● **What you should do**
Using the line with "Otkritie Arena Capacity 45 000 5,630 + 48" as your starting point, transcribe it and each line beneath it word for word until the records run out, without pictures.
##########
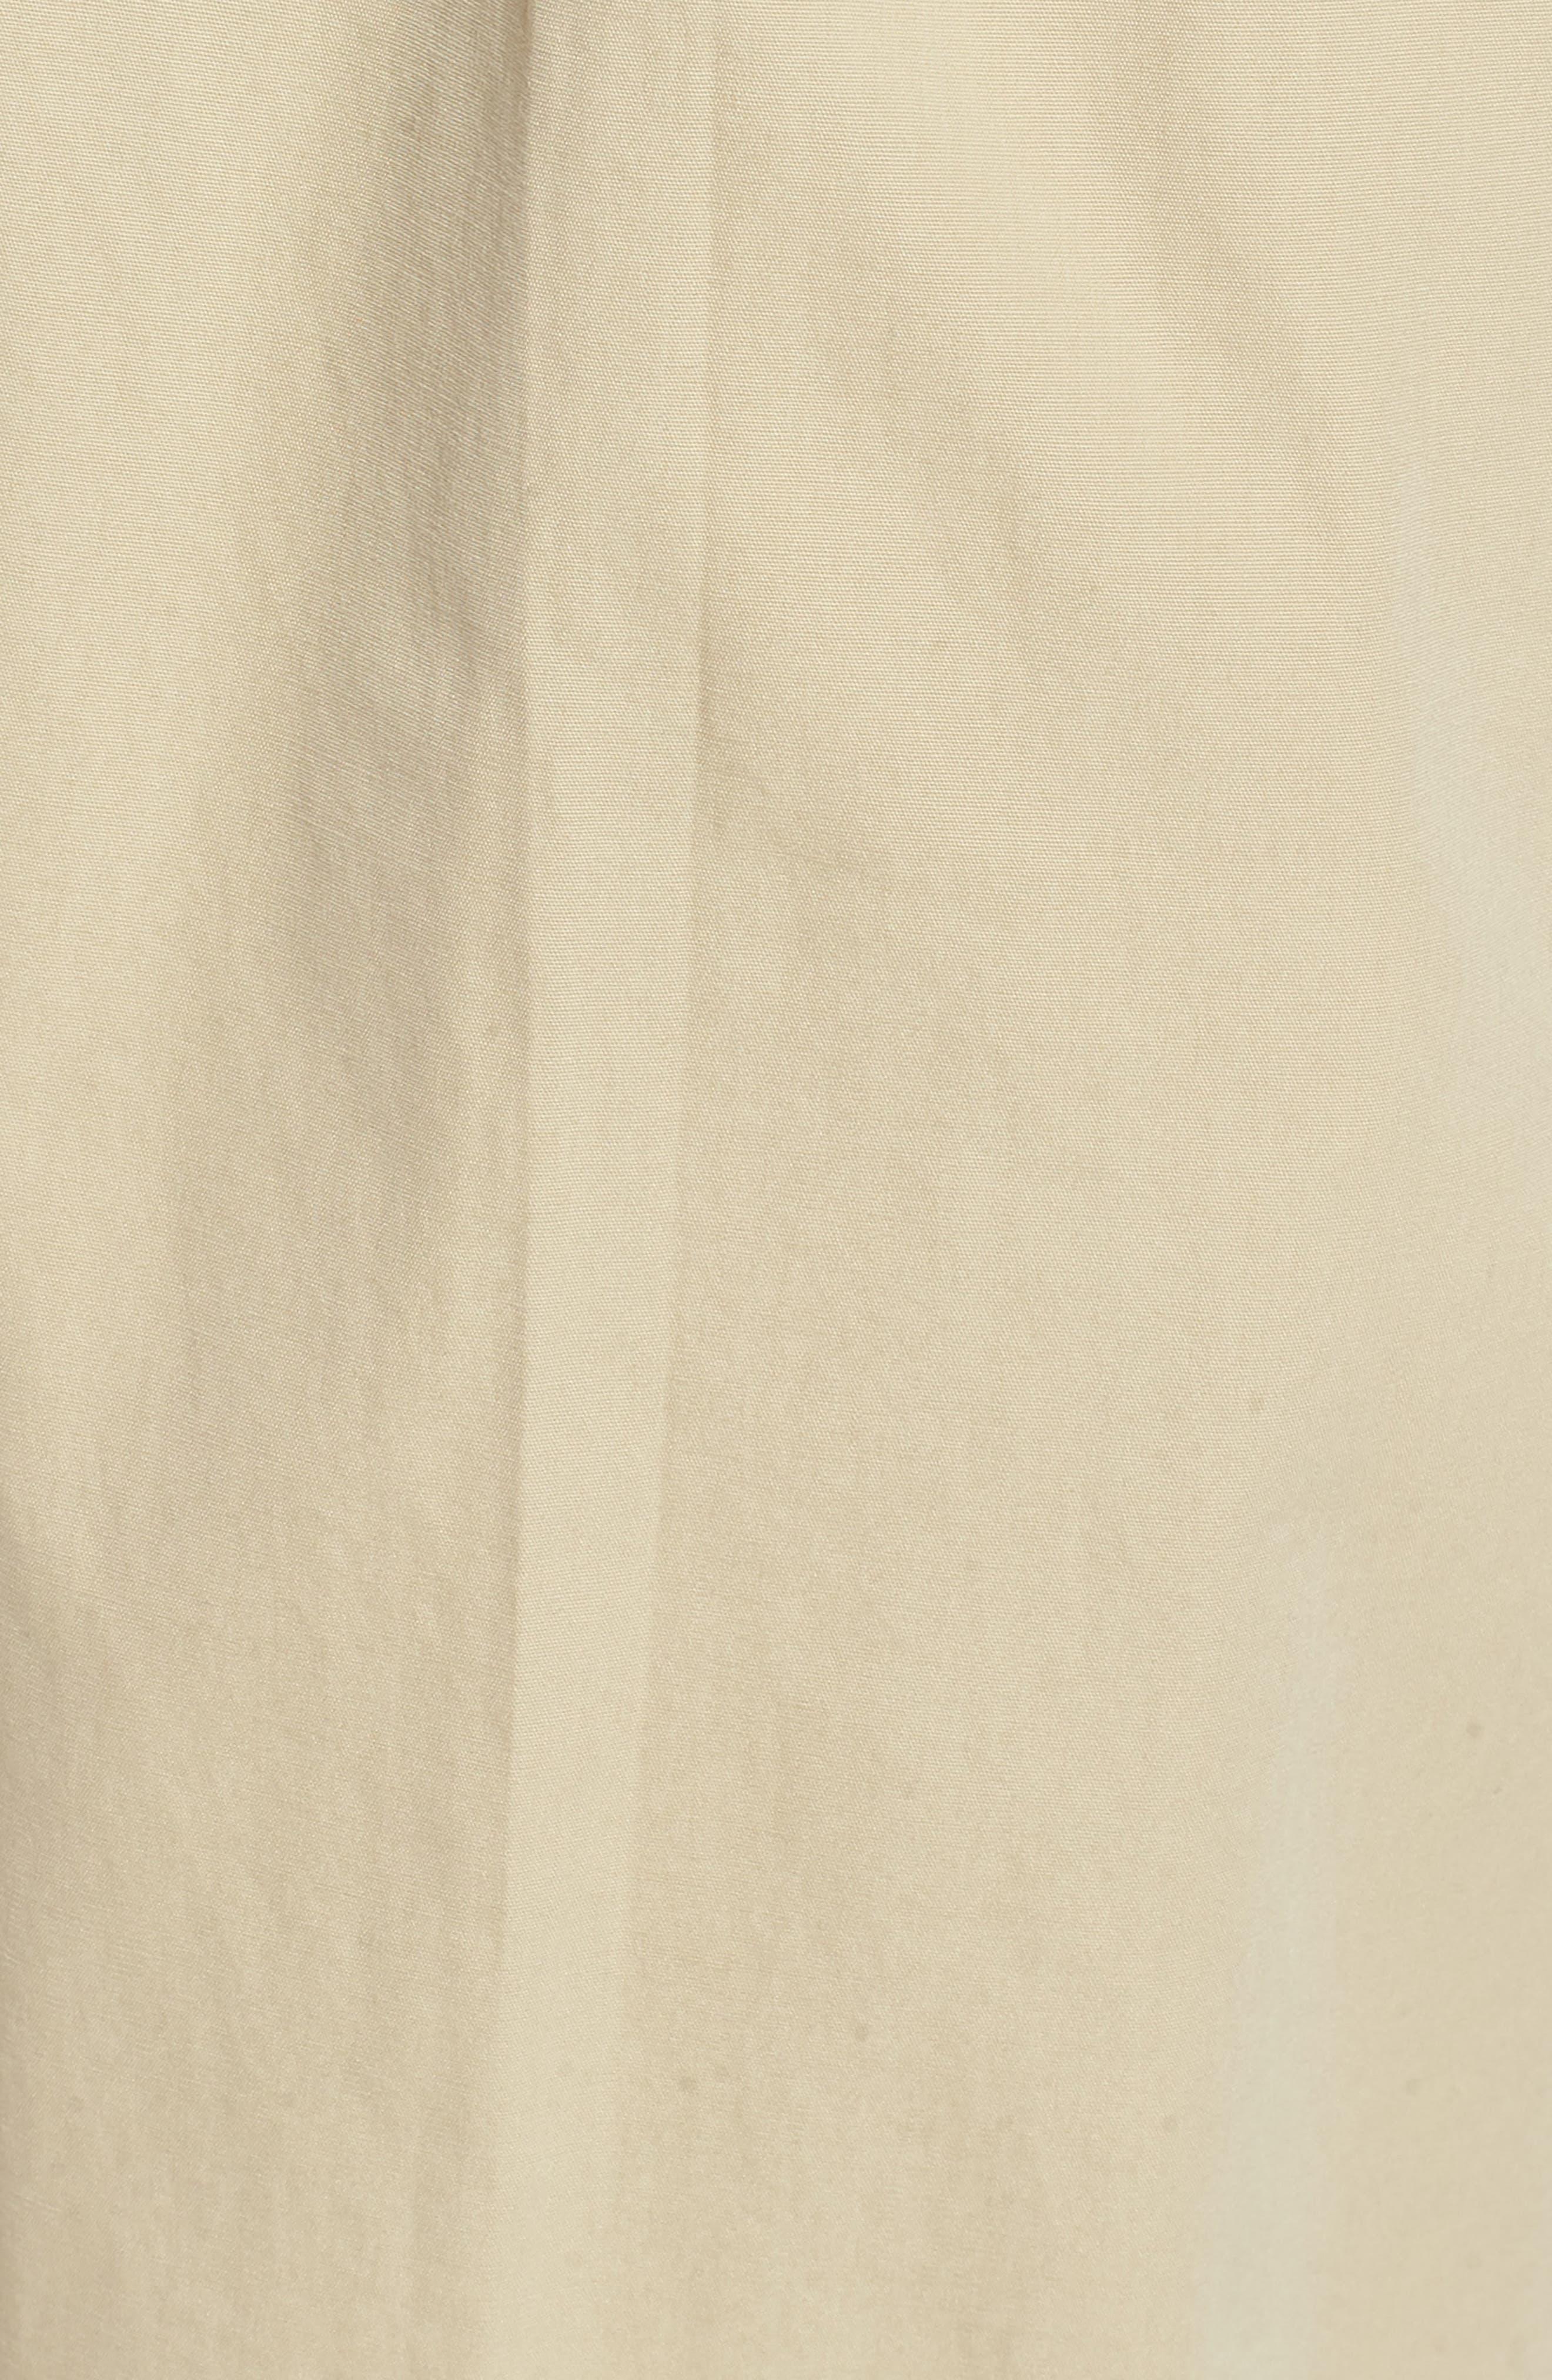 M2 Classic Fit Pleated Tropical Cotton Poplin Pants,                             Alternate thumbnail 5, color,                             Khaki
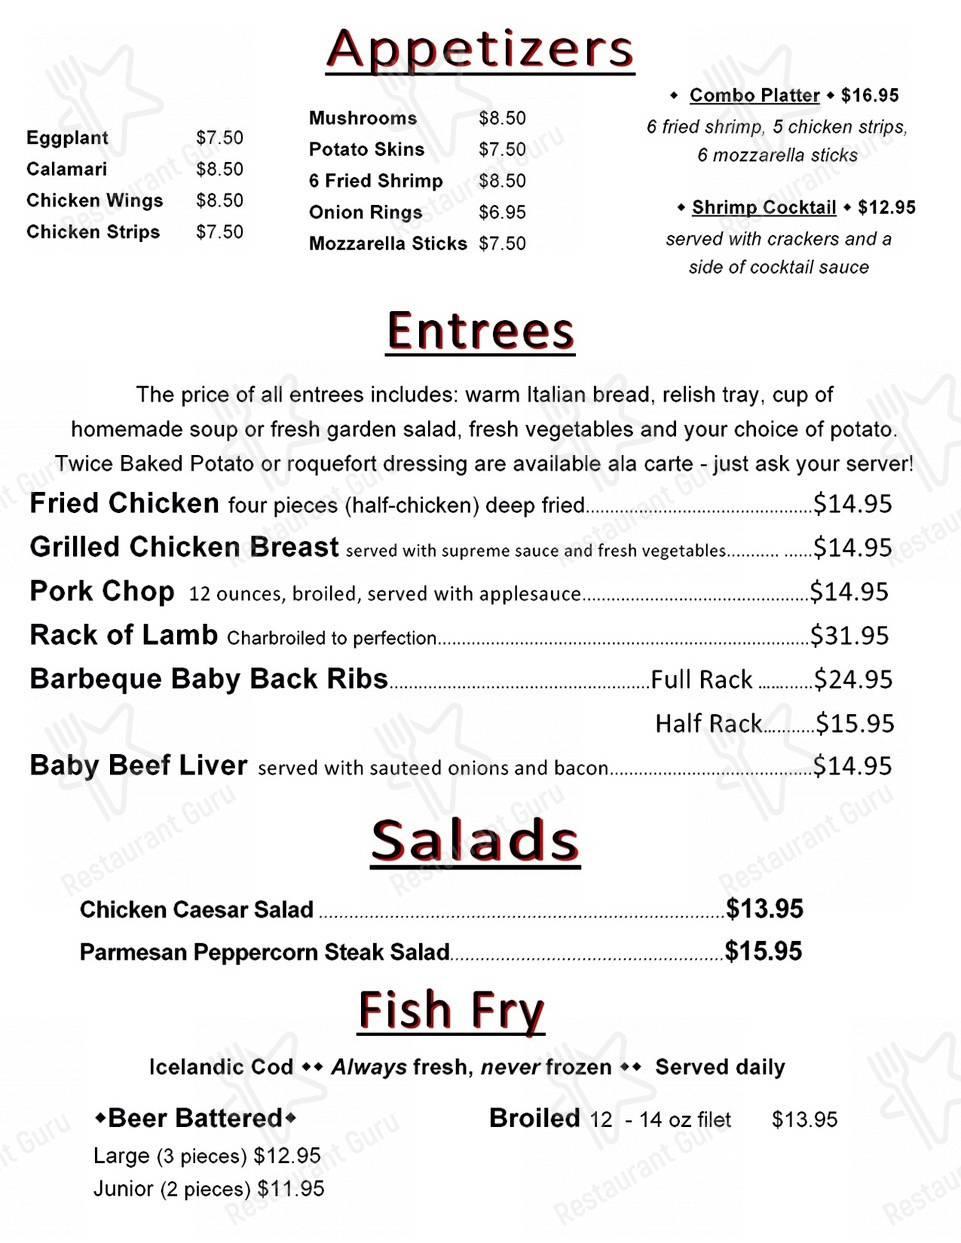 Diamond Jim's Steakhouse menu - meals and drinks
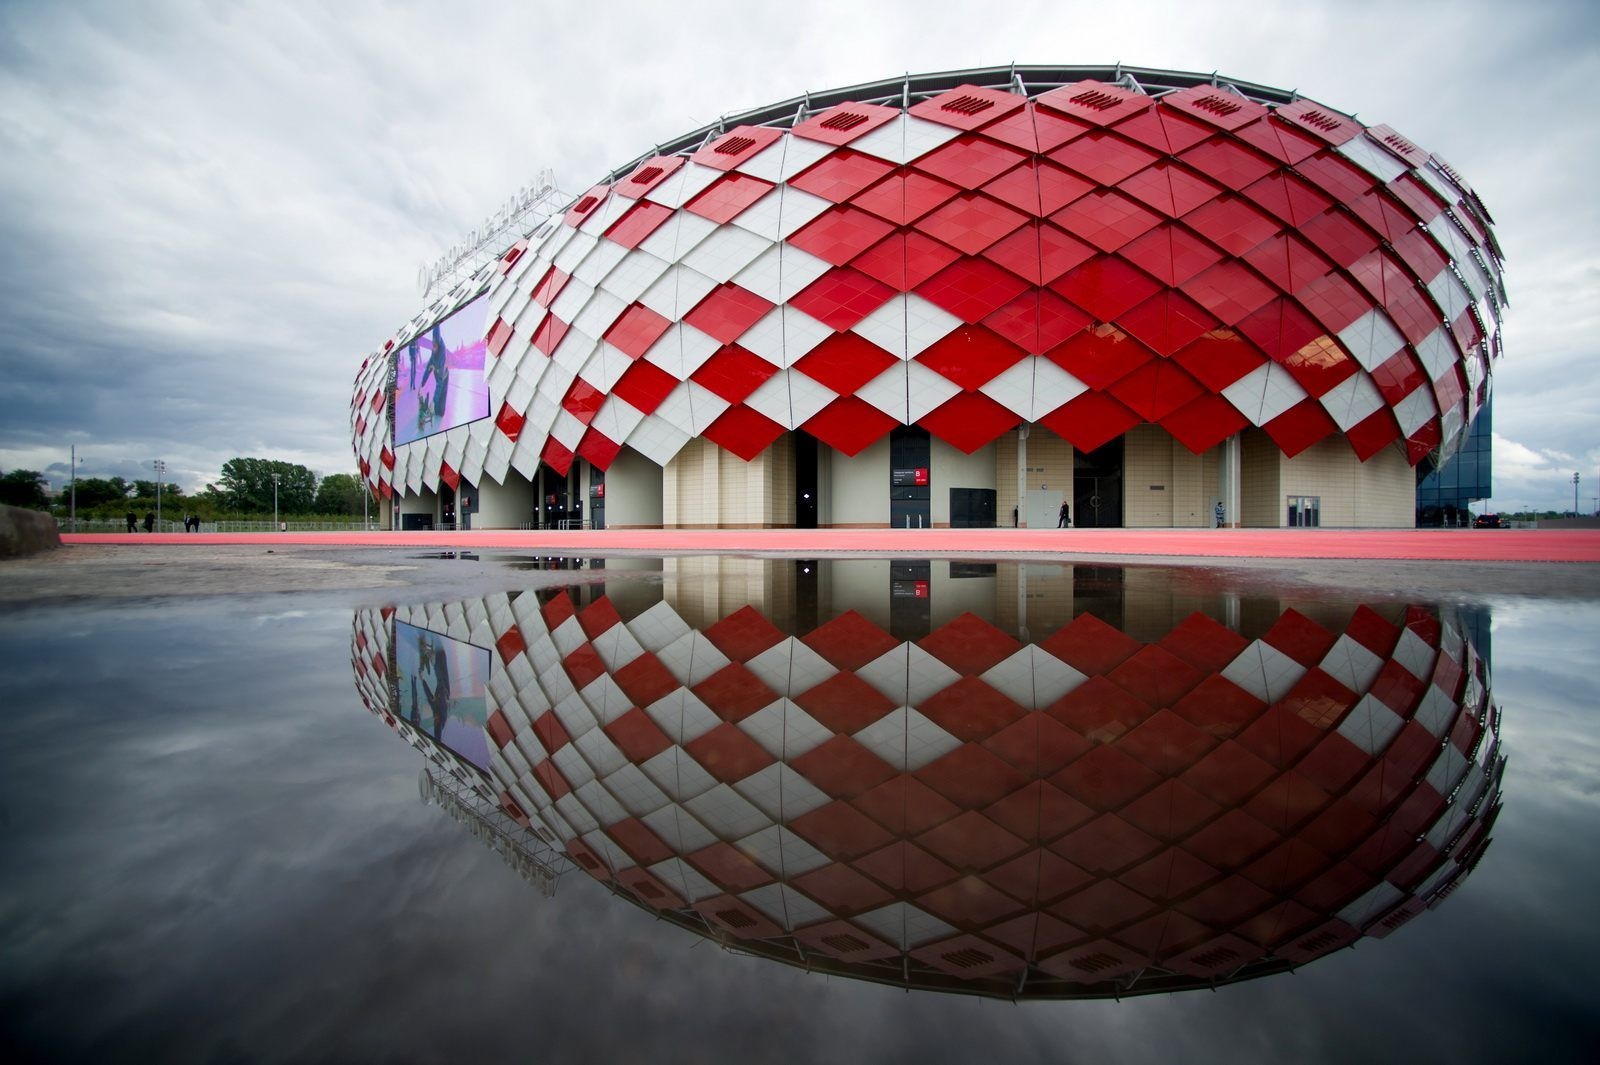 Otkritie Arena Capacity 45 000 5,630 + 48
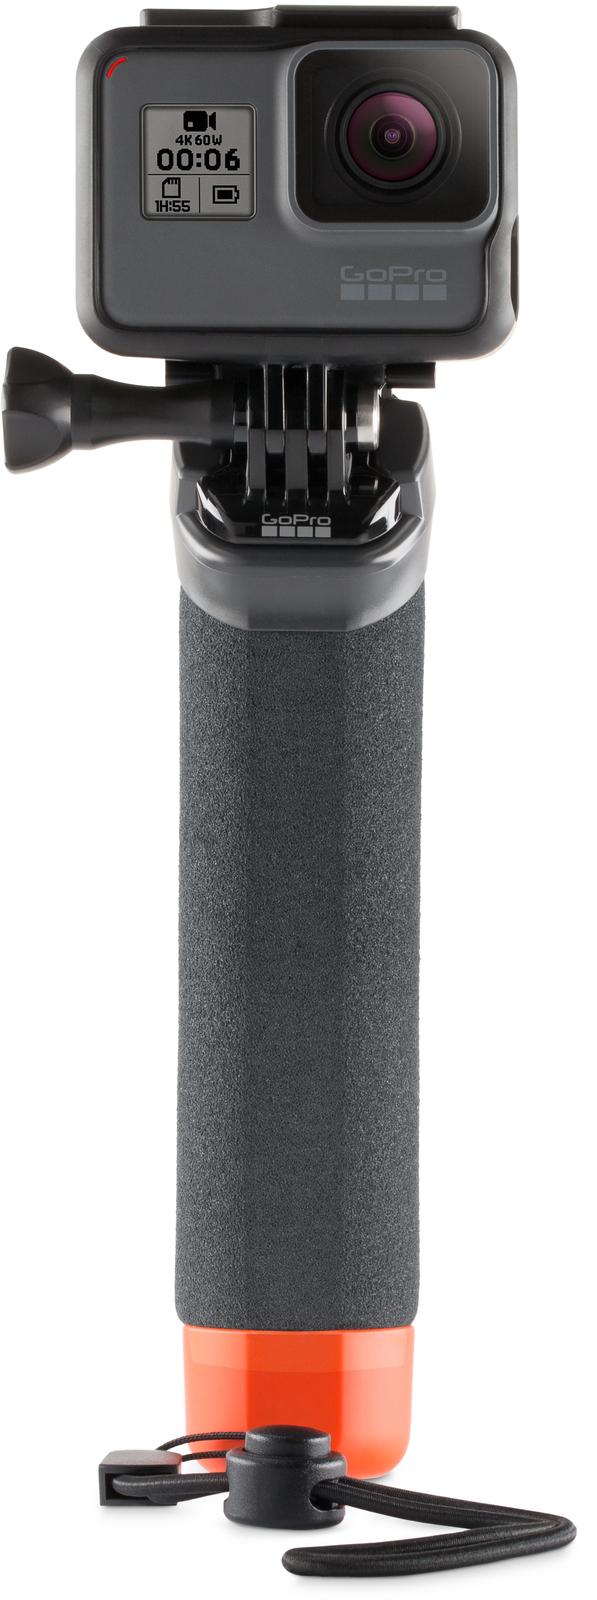 GoPro Handler image
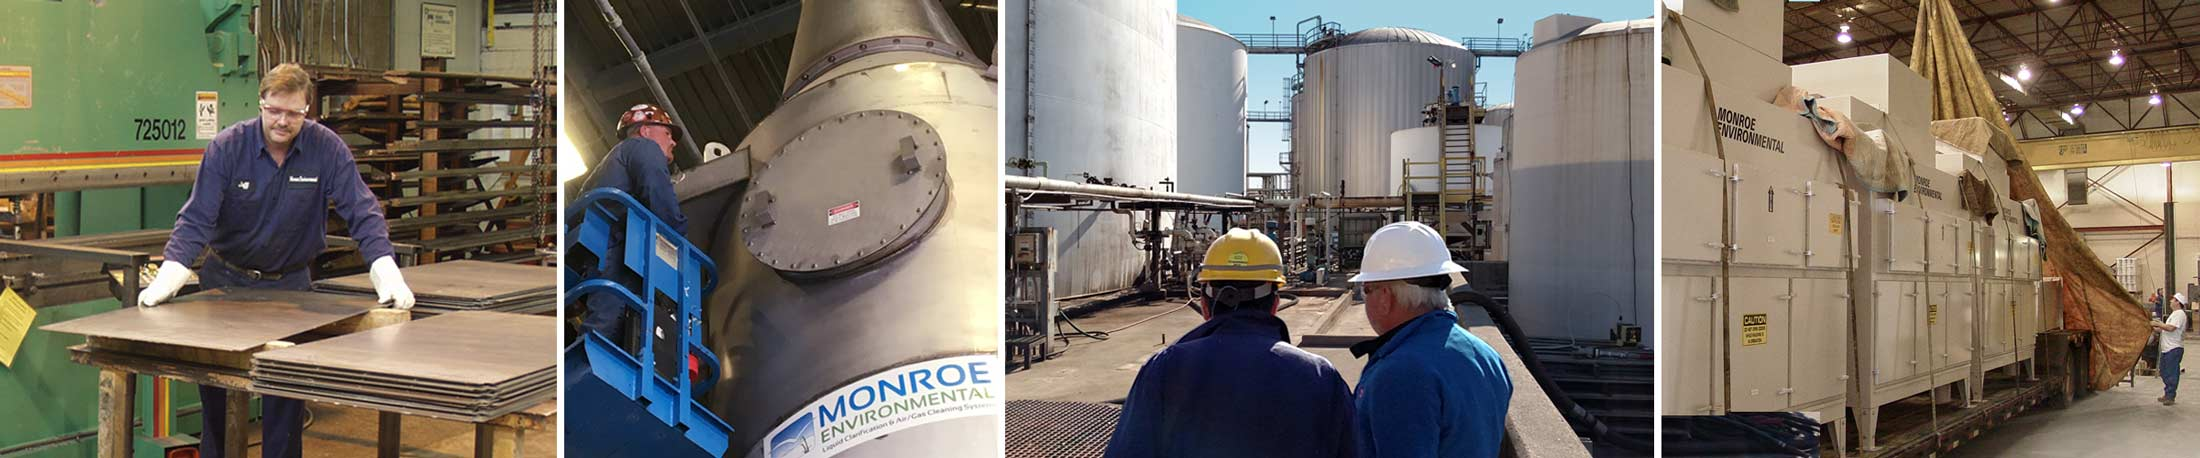 Employment opportunities at Monroe Environmental
##########
● **Problem solution**
 Otkritie Arena Capacity 45 000 5,630 + 48
 GoPro Handler image
 Employment opportunities at Monroe Environmental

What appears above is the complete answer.